ML/Google Distinguished Lecture Series-Machine Learning Department - Carnegie Mellon University

Machine Learning Special Seminars

Fall 2016 Seminar
Date: December 12, 2016
Time: 2:30 PM - 3:30 PM
Location: 8102 Gates and Hillman Centers
Speaker: David Draper Professor, Baskin School of Engineering, University of California-Santa Cruz
Title: Optimal Bayesian Analysis of A/B Tests at Big-Data Scale
Abstract: Several foundational approaches to the discipline of statistics, including independent theorems by RT Cox and de Finetti, have the following form: *IF* you uniquely specify (a) a prior and (b) a sampling distribution, *THEN* optimal inference and prediction are possible, and *IF* in addition you uniquely specify (c) an action space and (d) a utility function, *THEN* optimal decision-making under uncertainty is possible.

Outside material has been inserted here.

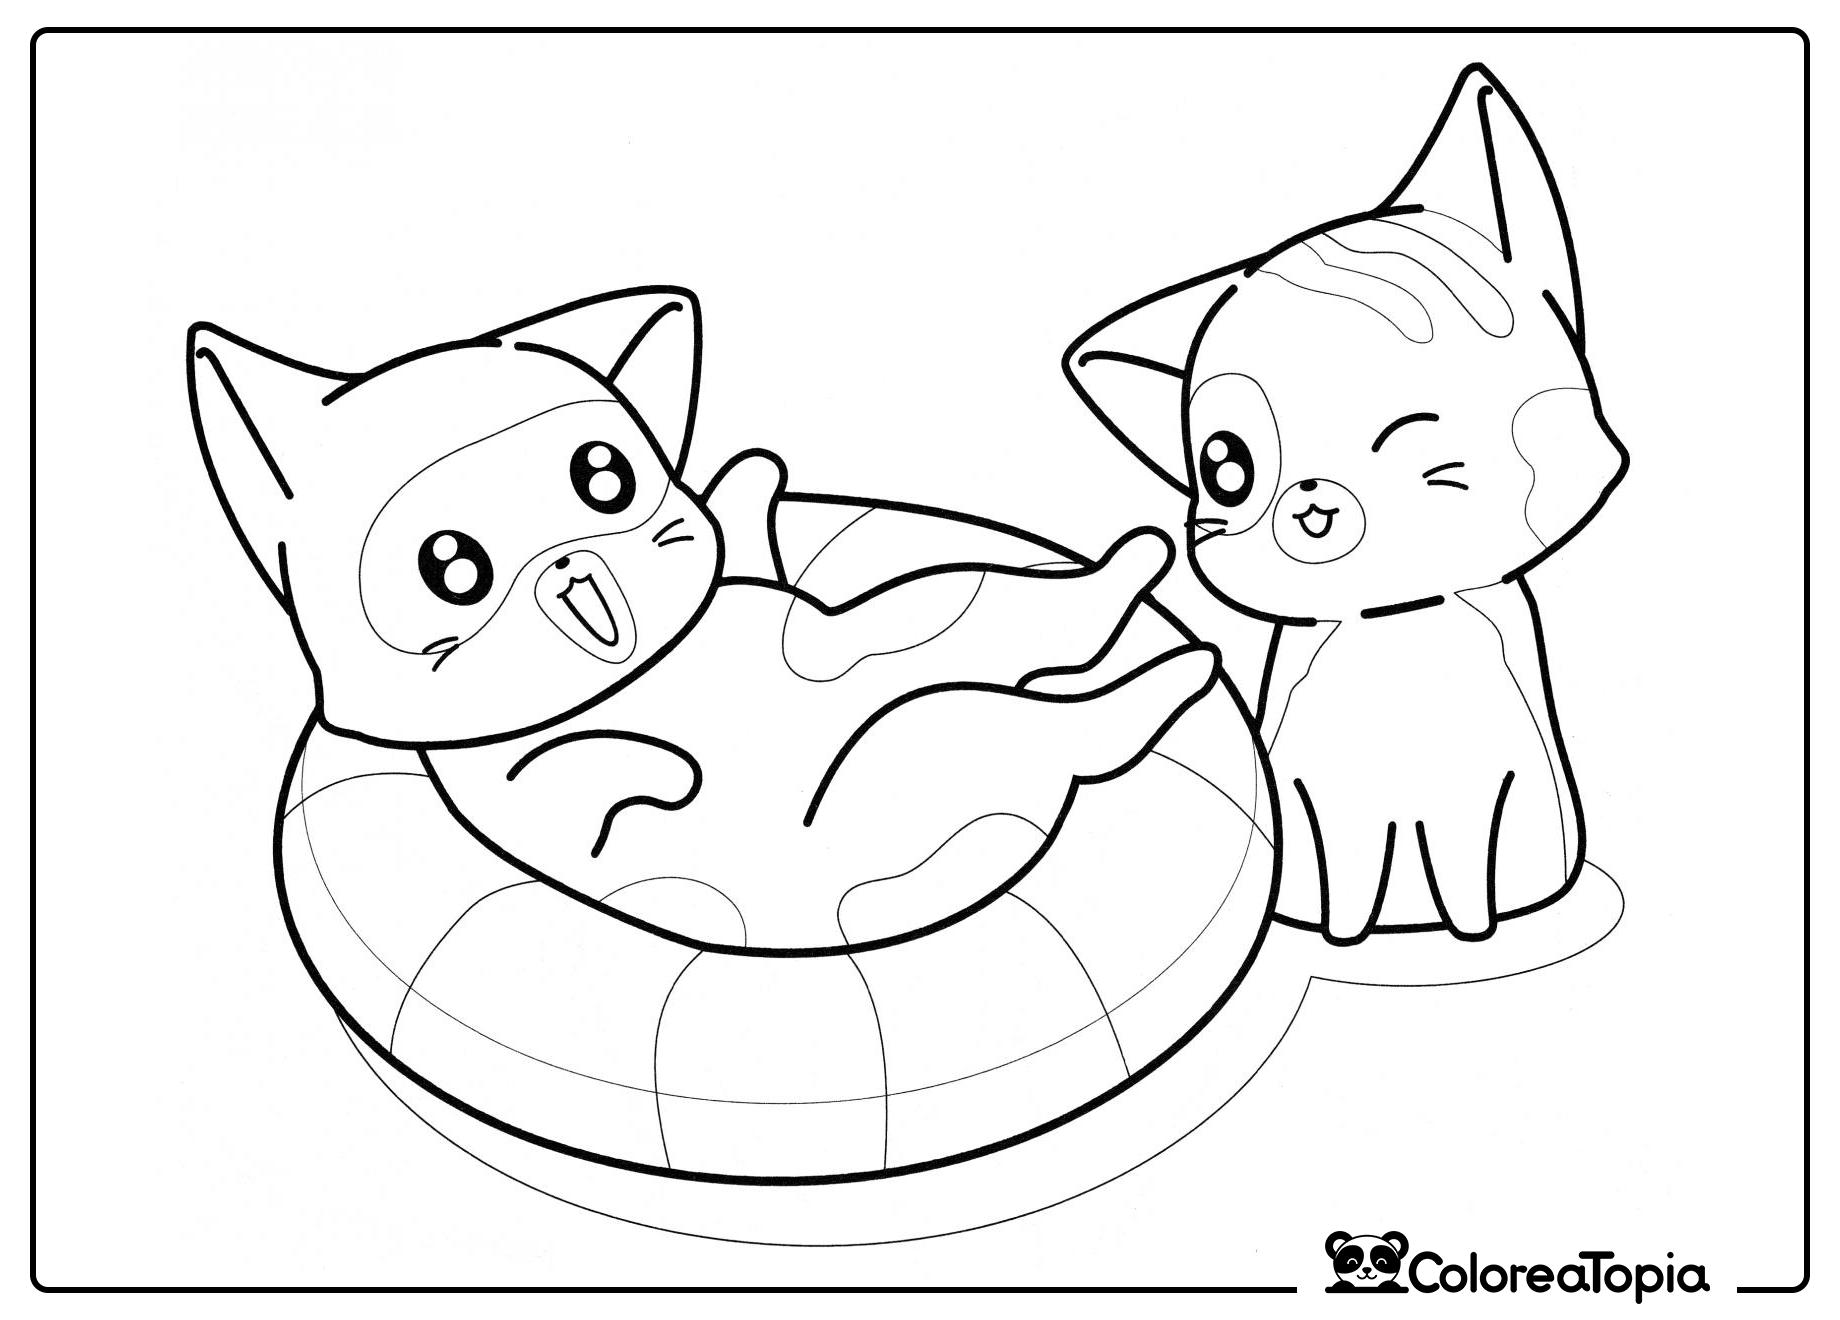 Gatitos y círculo marino - dibujo para colorear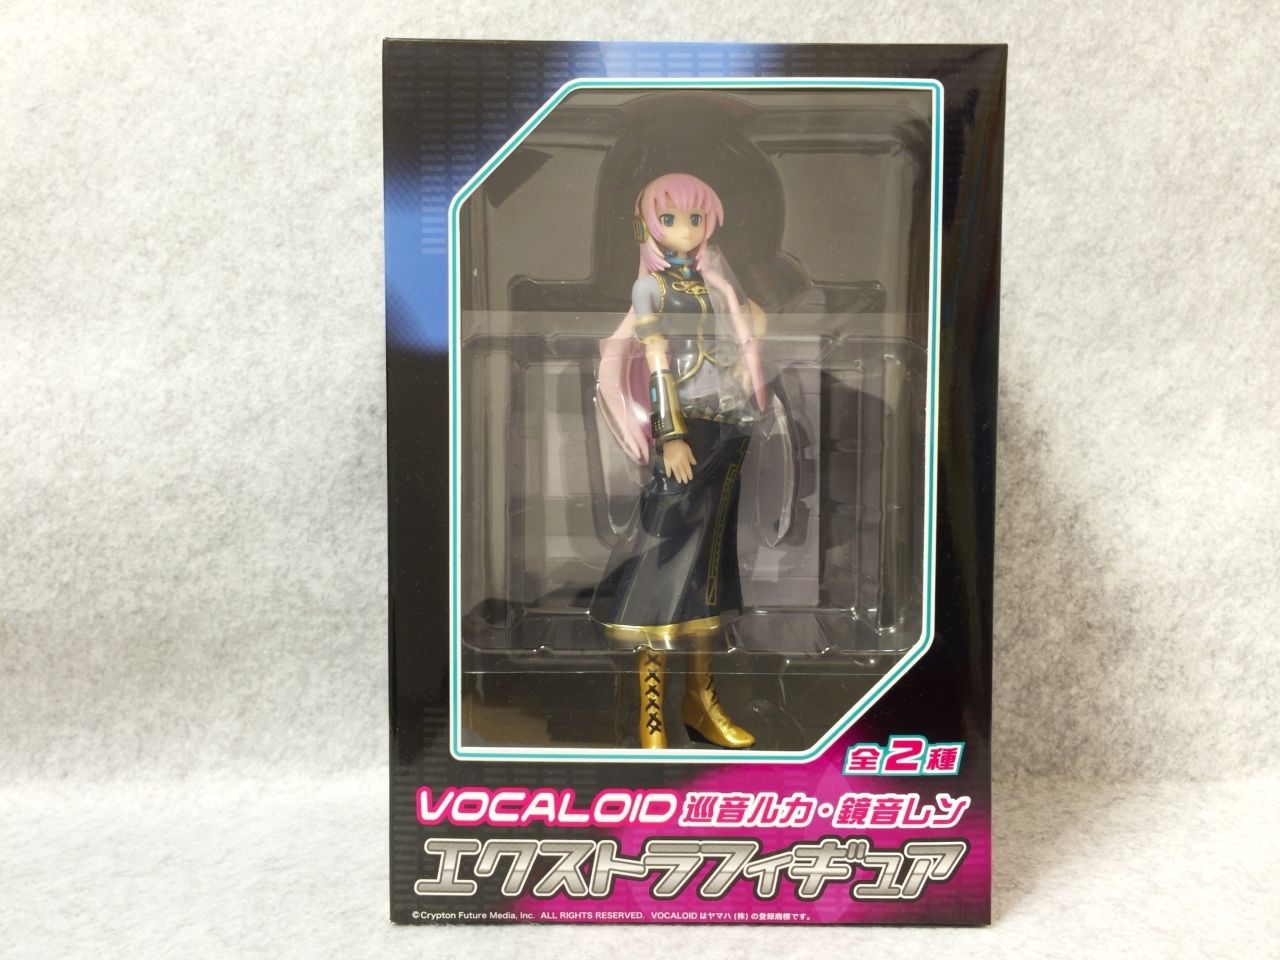 WTB: Megurine Luka Vocaloid vignetteum figure by Sega + KH, FFVII

This immediately raises a question: Are there problems in which the *context* uniquely specifies any of the four ingredients (a-d)? [Answer: yes; I'll refer to such settings as examples of *optimal Bayesian model specification*] In this talk I'll show that optimal Bayesian analysis of data sets gathered with A/B testing at Big-Data scale is possible, via an application of Bayesian non-parametric modeling, and I'll also show how to do fast accurate computations under this model even with tens or hundreds of millions of observations.